Nearly 15 petabytes of data are created every day, eight times more than the information in all the libraries in the U.S. Keep in mind that every web 2.0 company is ultimately a database company (Amazon, EBay, YouTube, Facebook, Yahoo, Google...)

  • EBay Inc. reportedly operates databases that process 10 billion records per day and are also able to do deep business analysis. They collectively store more than 6 petabytes of data.
  • National Energy Research Scientific Computing Center, archives include 3.5 petabytes of atomic energy research data.
  • The World Data Centre for Climate in Hamburg, Germany, which has 220 terabytes of data
  • Internal Revenue Service's data warehouse is sized at about 150 terabytes.
  • Yahoo, Google, Facebook all run data-warehouses in petabytes !.
But did you know that...
  • The world's single-largest datawarehouse(Yahoo Inc.) (2 petabytes in size) runs a free and opensource engine (PostgreSQL) ?
  • Yahoo Inc's transactional databases are based on another free and opensource engine MySQL running on a free and opensource operationg system (FreeBSD)?
  • Facebook is running on 1,800 MySQL database servers, 10,000 Web servers, and 805 Memcached servers and they are all linux based (free) servers ?
  • Google's superfast search engine is based on free and opensource MySQL running on low cost PC's networked together into a grid?
  • YouTube's one billion views per day engine is based on free and opensource database engine, MySQL?
The reason behind this move cannot be far fetched, (Total Cost of Ownership !!!)

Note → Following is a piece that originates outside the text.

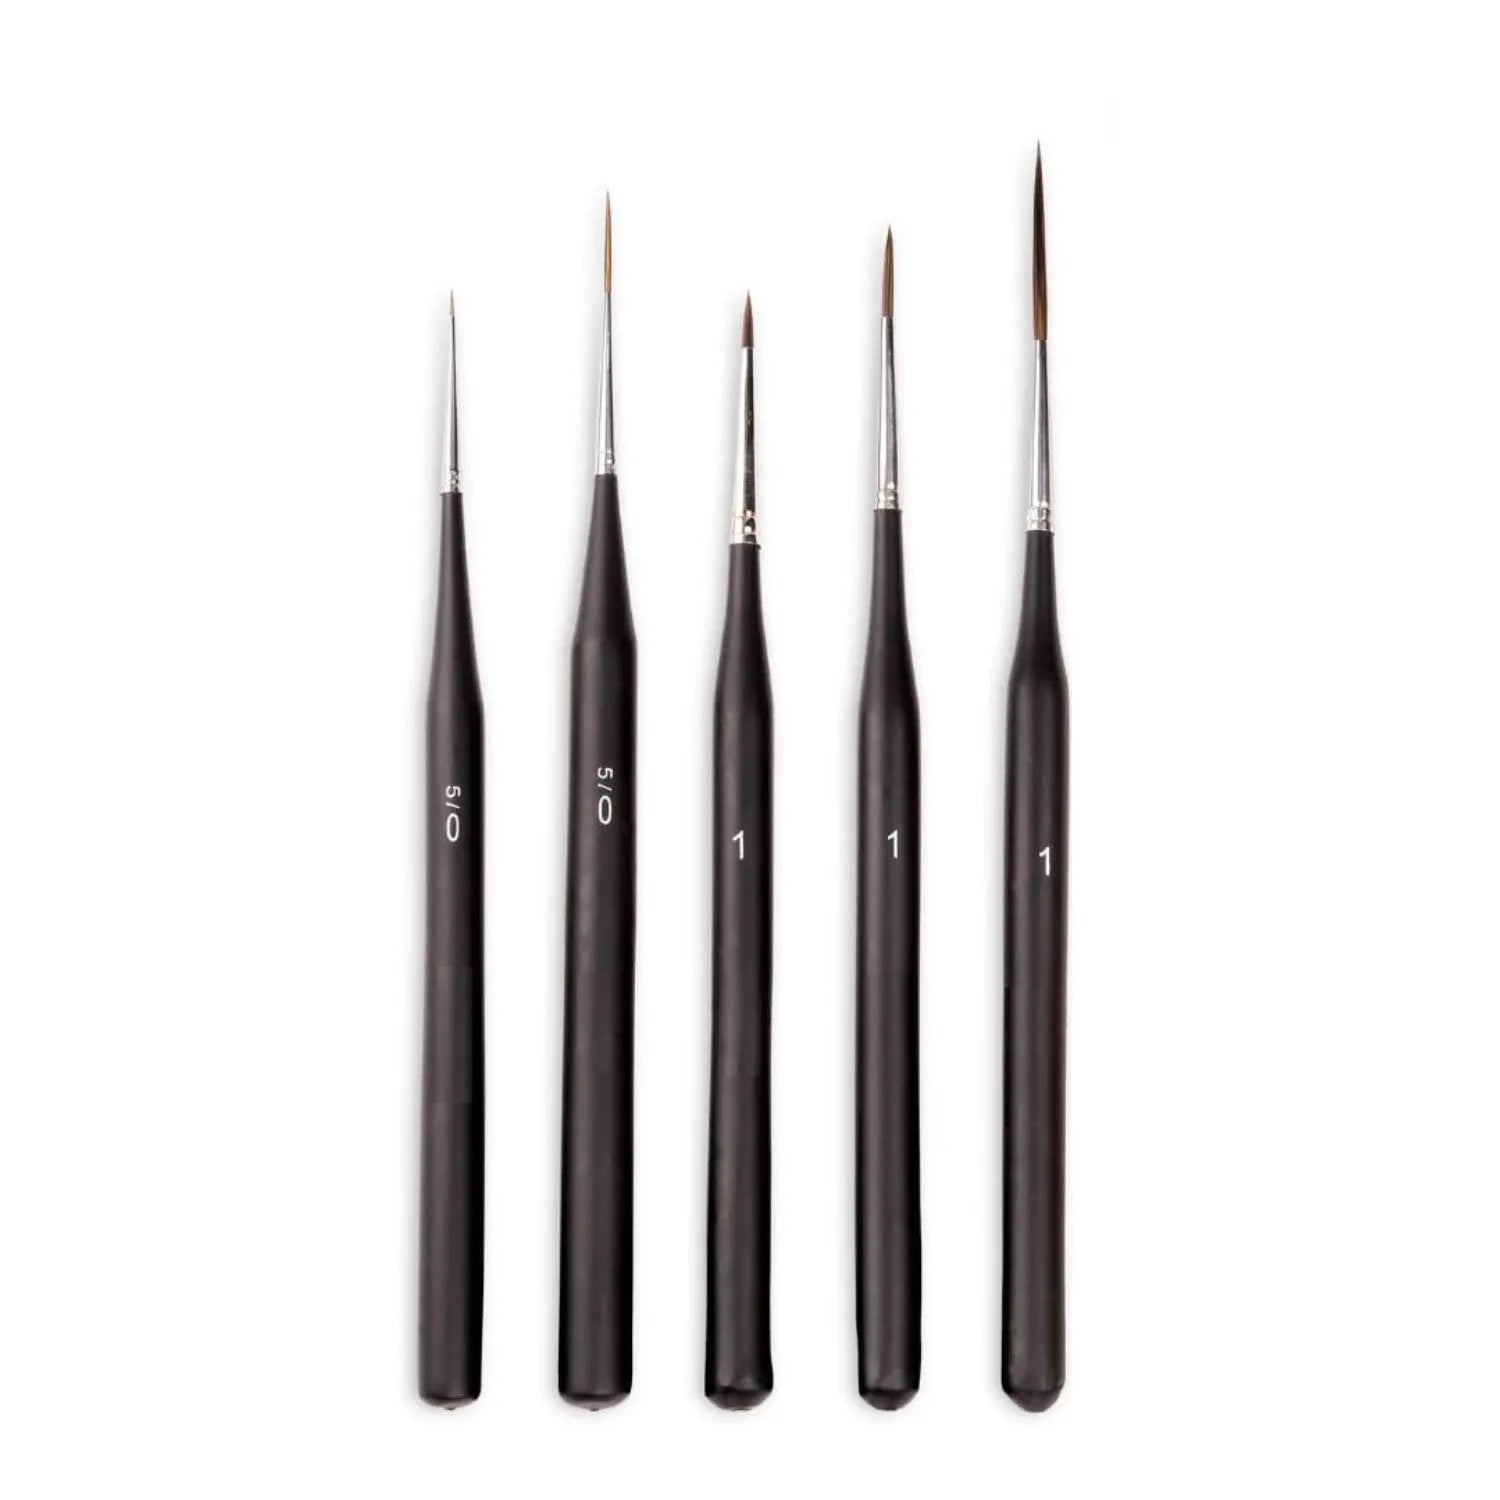 Canvazo Detailing Paint Brushes Set - 5pcs Professional Miniature Liner Brushes Canvazo

In order for a business to make solid intelligent decisions, it needs large amount of data from various sources, which traditionally would trigger the need for a large data-warehouse on supercomputers, however these products in the market are super-expensive, these often throw the ROI for such intensions out of consideration.

  • Not only are the hardware needed for such initiative expensive, but the software pricing from the big vendors are huge !!
  • The fact that such pricing are usually proportional to the processing power of the hardware futher jeopardizes the business case.

Little wonder that companies with the largest amount of data around the world have had to be innovative enough to come up with counter-measures (lets just say alternatives !!)
Their answer to this challenge, total elimination; totally eliminate the super-expensive supercomputers and the super-expensive software.

Their approach:
  • Deploy a large number of small computers to form a grid or cluster.
  • Use free and open-source databases (its usually the component that costs the most) get support on bug-fixes via public forums.
  • Use highly redundant and cheap commodity components (added capacity becomes a low incremental cost)
  • Manage the cluster (grid) as a single unit (minimal amout of human resources needed to keep the solution up and running)